Обычно Дидерих не чувствовал неприязни к тем соученикам, будущность которых ставил на карту. Он вел себя как исполнитель суровой необходимости, связанный долгом службы. Предав товарища, он мог подойти к нему и почти искренне пожалеть. Однажды при его содействии был пойман ученик, которого давно подозревали в списывании. С ведома учителя Дидерих передал мальчику решение задачи по математике; в ходе решения он умышленно допустил ошибку, ответ же, несмотря на это, вывел правильный. Вечером, после того как обманщик был изобличен, старшеклассники собрались в саду одного ресторана, что разрешалось им по окончании гимнастических игр, — и распевали песни. Дидерих постарался сесть рядом со своей жертвой. После одного из тостов он, отставив кружку, положил руку на руку юноши, преданно посмотрел ему в глаза и затянул вязким от прилива чувств басом:
Был у меня товарищ,
Лучше его не найти…{25}
Сам он, год за годом преодолевая школьную премудрость, учился удовлетворительно, хотя зубрил только «от сих до сих» и ничего на свете не знал, кроме того, что полагалось по программе.
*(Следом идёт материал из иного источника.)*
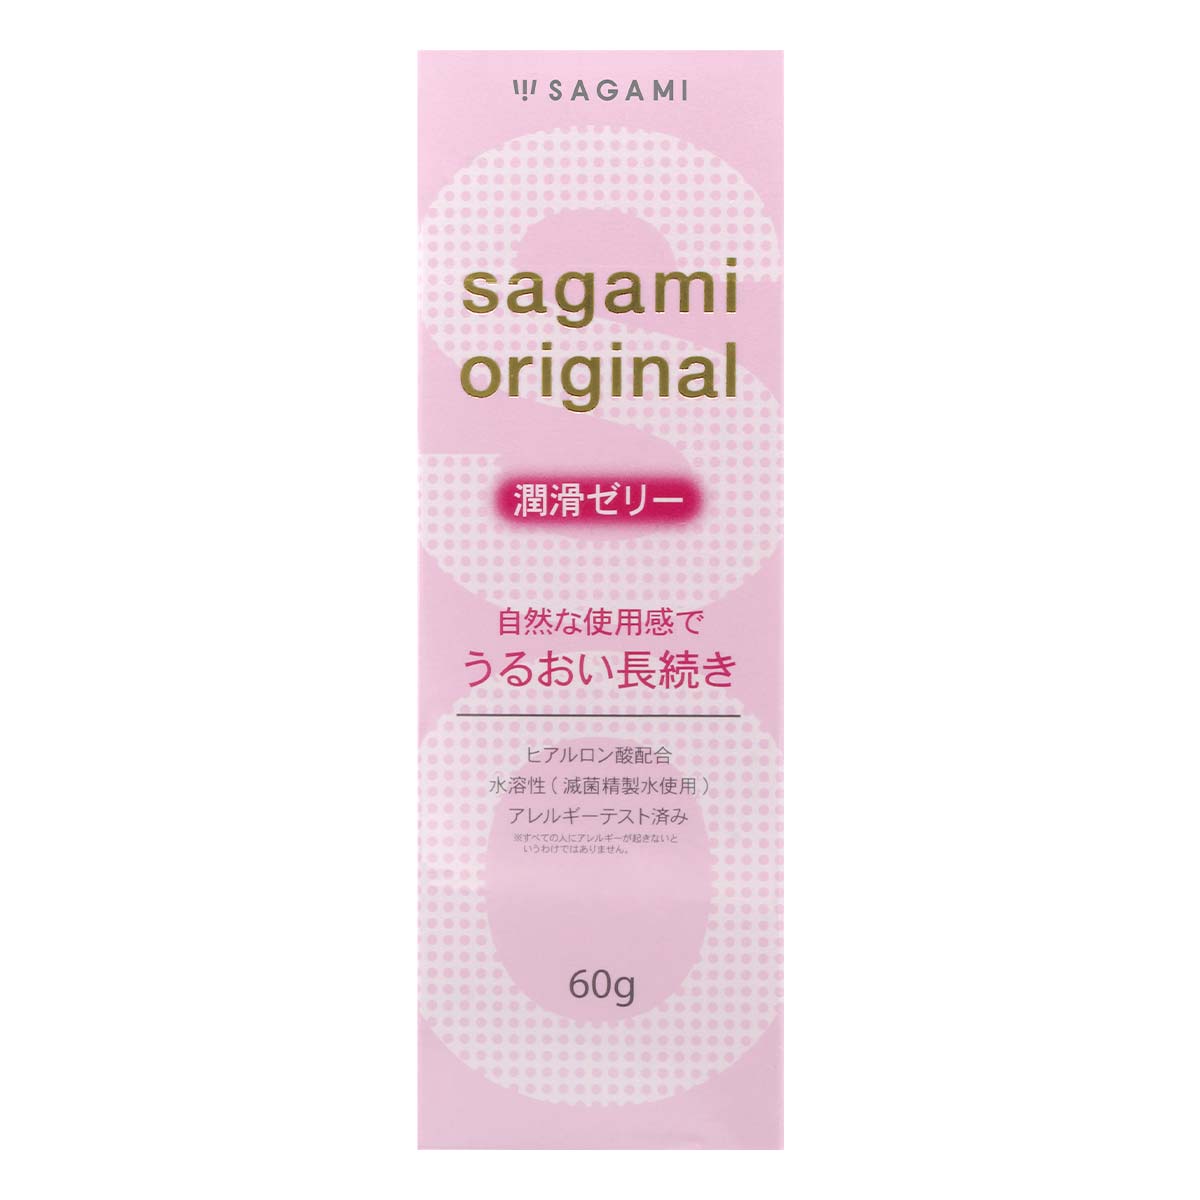 Sagami Original Lubricating Gel 60g Water-based Lubricant-p_2

Труднее всего ему давались сочинения по немецкой литературе, и тот, кто хорошо писал их, вызывал в нем смутное недоверие.
С переходом Дидериха в последний класс никто уже не сомневался, что он благополучно кончит гимназию. У отца и педагогов все чаще возникала мысль, что ему следует продолжать образование. Старик Геслинг, дважды — в 1866 и 1871 годах — проходивший с армией под Бранденбургскими воротами{26}, послал Дидериха в Берлин.
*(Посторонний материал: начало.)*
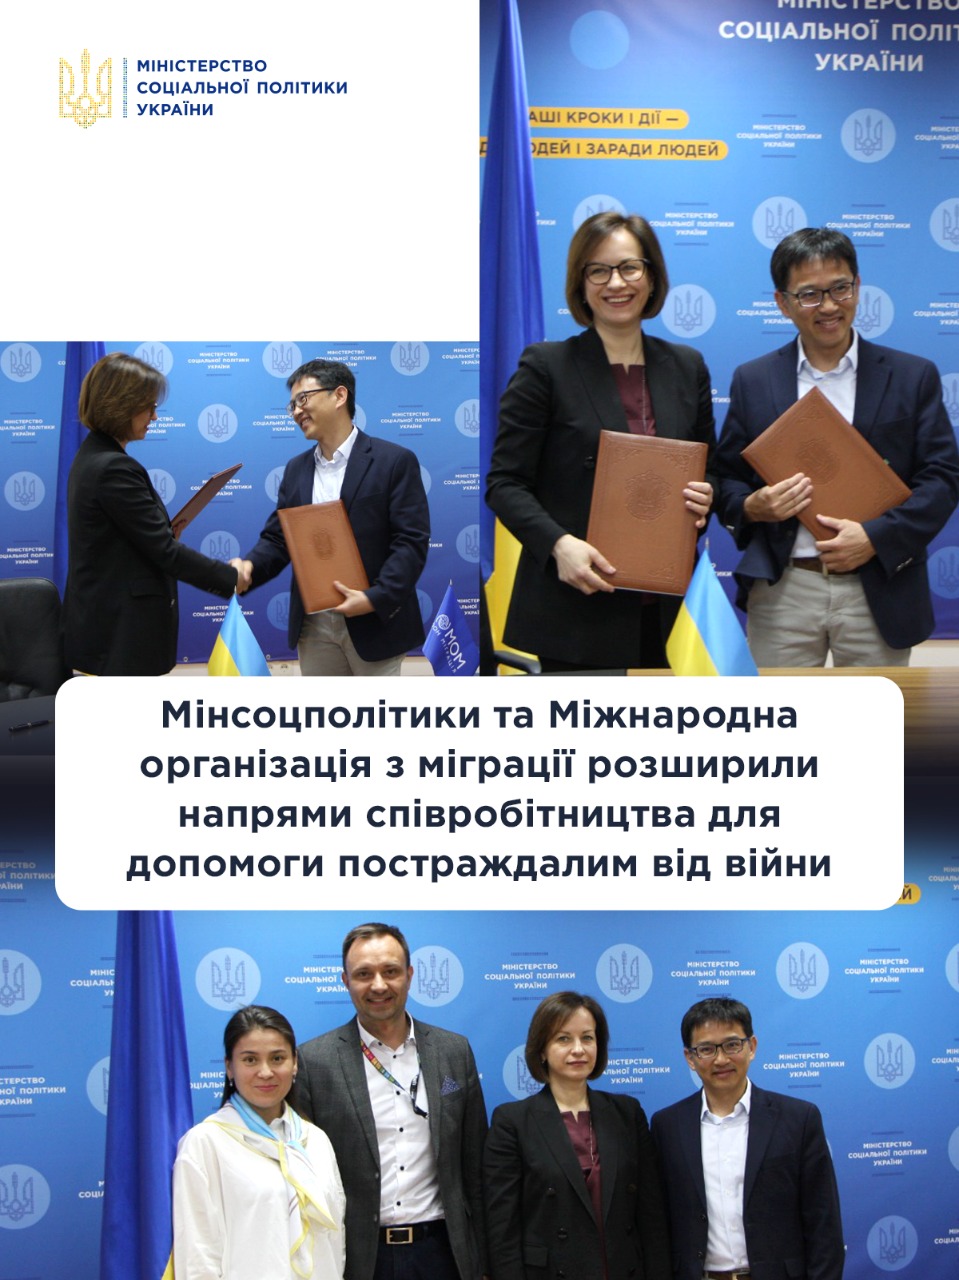 Украинцы могут получить по 6600 грн от международной организации по миграции, - Минсоцполитики

Поселиться далеко от Фридрихштрассе он не решился и снял комнату на Тикштрассе. Отсюда в университет вела прямая дорога, и заблудиться уж никак нельзя было. От скуки он ходил в университет два раза в день, а в промежутках, случалось, плакал, тоскуя по родному Нетцигу. Отцу и матери он написал письмо, в котором благодарил за счастливое детство. Без необходимости Дидерих редко выходил из дому. Он не отваживался досыта поесть: все боялся израсходовать деньги до конца месяца. То и дело щупал карман, проверял, целы ли они.
Как ни сиротливо было Дидериху, он все никак не мог собраться на Блюхерштрассе, к господину Геппелю, владельцу целлюлозной фабрики, хотя у него было к нему рекомендательное письмо от отца. Геппель, родом из Нетцига, поставлял Геслингу целлюлозу. На четвертое воскресенье Дидерих собрался с духом, и, как только к нему вышел, переваливаясь с ноги на ногу, коренастый краснолицый человек, которого Дидерих так часто видел в конторе отца, он уже и сам не мог понять, что его заставляло откладывать этот визит. Геппель расспрашивал обо всем Нетциге и главным образом о старике Буке. Невзирая на то, что у Геппеля тоже была седая борода, он, как и Дидерих, — только, вероятно, по другим мотивам, — с детства благоговел перед стариком Буком. Вот человек — шапку долой перед ним! Один из тех, кого немецкий народ обязан высоко ценить, куда выше известных господ, что хотят все и вся лечить железом и кровью{26}, а народ потом плати по их чудовищным счетам{27}. Старик Бук уже в сорок восьмом показал себя, был даже к смерти приговорен.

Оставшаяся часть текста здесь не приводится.